# The Best Day for Fishing, Ever – Inshore 12/7/08



## Brett (Jul 16, 2008)

I am impressed. The bunch of you are die hard fisherpersons.
(I'm learning to be politically correct) Hi Sophie...
I've been known to get up before dawn to canoe in sub 40° air.
Note air, not wind. It was freakin' cold out there in the wind.
I 'm not quite right, and lean to the extreme, but fishing in that
cold wind was more than I would deal with.
(years ago yes, not anymore...)


----------



## tom_in_orl (Dec 9, 2006)

Great report as usual. Look forward to doing it again when the weather is more cooperative.


----------



## Flyline (Mar 3, 2008)

I'm going back out there and try to get that 27" red that I almost boated him [email protected] [smiley=frustrated.gif] [smiley=frustrated.gif] [smiley=frustrated.gif]


----------



## HaMm3r (Dec 11, 2006)

Alright, do you guys remember the kayaker we passed going into the creeks? (Tom, Blake and I saw them staked out later in the morning.) That was Todd and Christian, some regulars back there. They did what I usually do and let themselves get stranded by the low tide and kept fishing until there was enough water to leave. Here's their report from the same day...bottom line, we should have stuck it out and not worried about the tide. [smiley=frustrate2.gif]

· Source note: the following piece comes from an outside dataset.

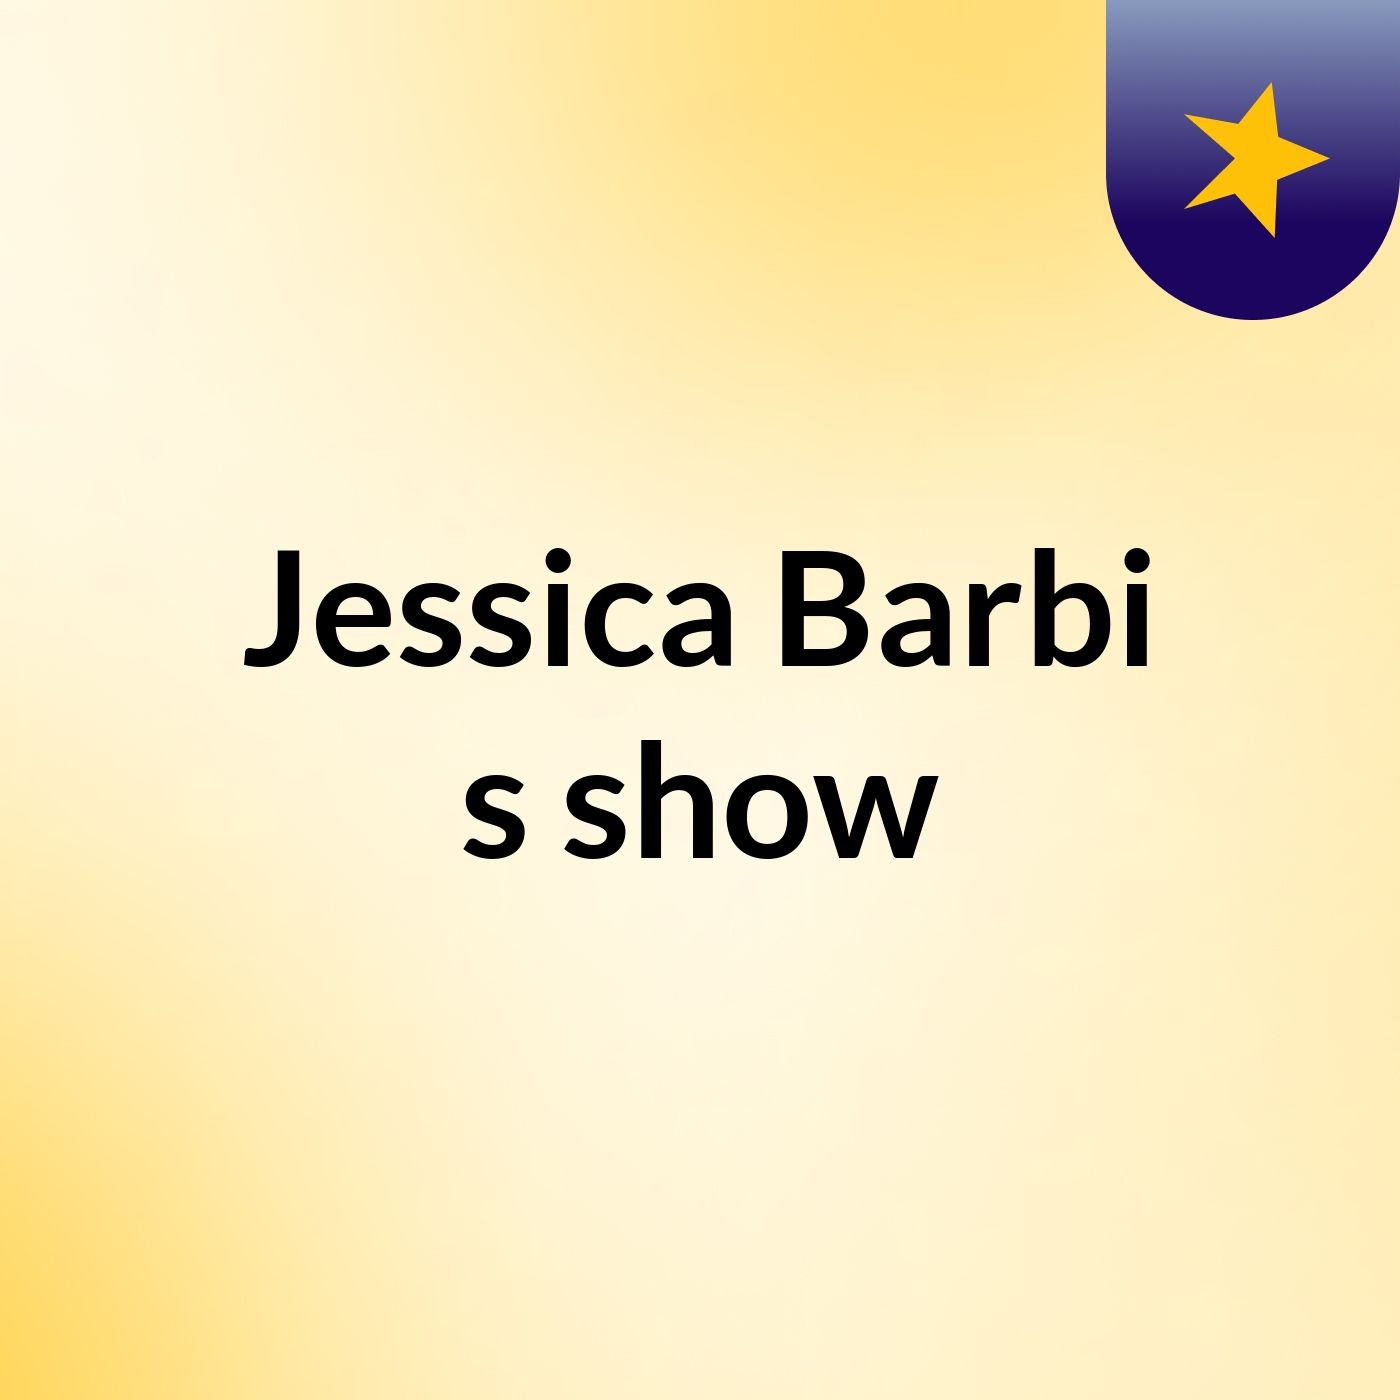 Jessica Barbi's show

> Christian and I headed out Sunday wishing we could have gone Saturday. It was really windy. But after running into some big reds at low tide that wouldn`t eat we moved out of the flats area and into the creeks. There were dozens of reds just sitting at any of the holes. Christian caught over 15 reds and a few trout then gave up on me as they were all ," baby reds I don`t want," he says . I caught over 25 reds ,over a dozen trout and 4 flounder. Nothing had any size to them but was still fun to keep catching. All fish caught on fishbites chartruesse pepper jerkbaits on 1/4 ounce slayer inc jig heads.


----------



## litlblusrn4bigred (Jan 8, 2007)

Man, would love to go ahng out there some time. great job guys!!


----------